NATROMのブログ

ニセ医学への注意喚起を中心に内科医が医療情報を発信します。

ひどい内容のブログ

愛育病院での鉗子分娩の死亡事故に関連して、医師のブログを批判したブログがあった。黒川滋氏による、■きょうも歩くというブログである。


■医師たちのブログの内容に絶句


それを辿っていくと、リンクのリンクぐらいであたる医師のブログの内容がひどいことに驚きます。事故が起きて世論が過敏に反応するものだから訴訟大国になって医療は崩壊する、と一見まともなことをおっしゃっています。そうしたコメントをよく読むと同業者のことばかり考えていて、自分たちの秩序世界だけしか考えていなくて、患者やその家族の納得性や、医療の満足度といったことが全く顧みられていません。パロマや雪印の論理と一緒です。マスコミが騒ぐな、とは一体どういうことなのでしょうか。オレ様医師たちの秩序を壊すような人に、裁判を受ける権利や知る権利など与えてはいけない、という議論に見えます。

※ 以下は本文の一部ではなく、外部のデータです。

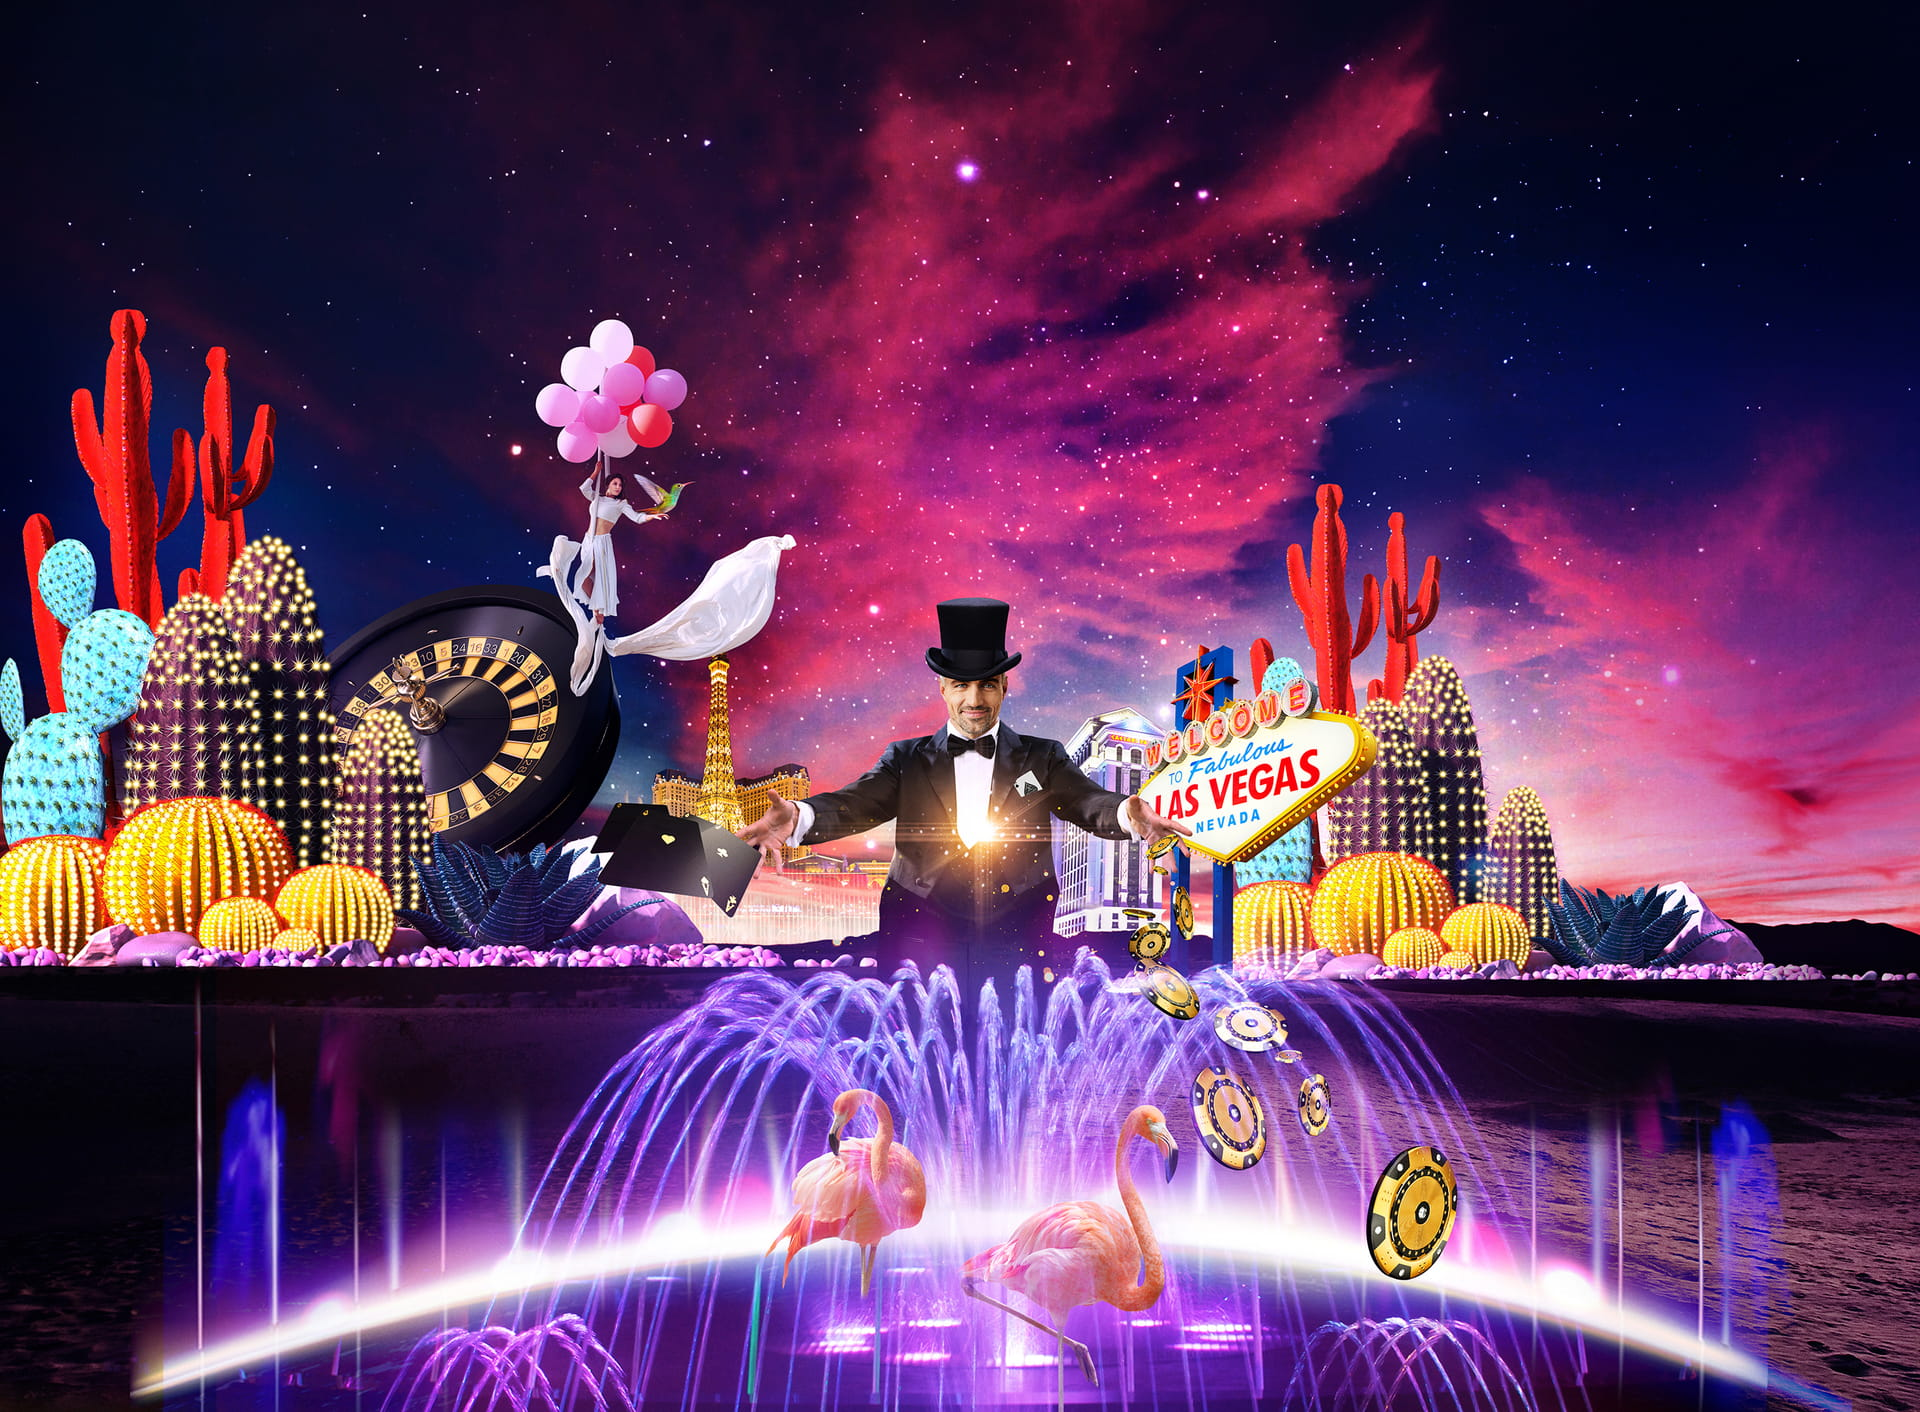 Las Vegas kommt ins Grand Casino Bern

仮に自分たちの秩序世界だけしか考えていない、「オレ様医師たちの秩序を壊すような人に、裁判を受ける権利や知る権利など与えてはいけない」というような議論を行う医師のブログがあるとしたら、とんでもないことだ。医師にもいろいろいるし、中には医師を自称しているケースもあるだろうから、絶対に無いとは言えない。黒川氏はどのブログか明示していないが、そんな奴は医師の風上にもおけないので、ぜひ、そんなブログは名指しで批判してもらいたい。

私の知る限りでは、医師を名乗って愛育病院での鉗子分娩の死亡事故に触れているブログで、それほど酷いと思ったものはなかった。たとえば、■医療の滅び(新小児科医のつぶやき)では、事実関係が詳しくわからないので医療ミスなのかどうかについては判断を保留しつつ、一般論として


医者のほうは恐怖に震え上がります。難産というのはある一定の頻度で必ず発生します。産科医は経験と技術のすべてを尽くしてそれに立ち向かいます。大多数は産科医の努力により無事出産のハッピー・エンドを迎えます。しかし大多数であってすべてではありません。どんなに手を尽くしても不幸な結果に到るケースはゼロにはできないのです。
不幸な結末を後から検証すれば、これは医学ですから、あの時点でAと言う選択ではなく、Bと言う選択をすれば「ひょっとして」結果は違ったのではないかという事は必ず出てきます。ただしBの選択をしたと言って「絶対」に成功したかとは憶測に過ぎません。治療法を選択した時点ではAもBもどちらも選択の余地があり、主治医の決断でAの方がベターと選択したわけです。ところがその後の経過が結果として思わしくない方に進行し、Aの選択はベターではなく、Bの選択のほうが良かったかも知れないと言う事なんて医学ではいくらでもあります。

と述べている。産科医に限らず、臨床医であれば、誰でも納得できることだ。平均レベルの知性の持ち主であれば医師でなくても容易に理解できるものと思う。もしかしたら、ちと理解力の足りない方であれば、「他の社会では通用しないような言説」などと思うかもしれない。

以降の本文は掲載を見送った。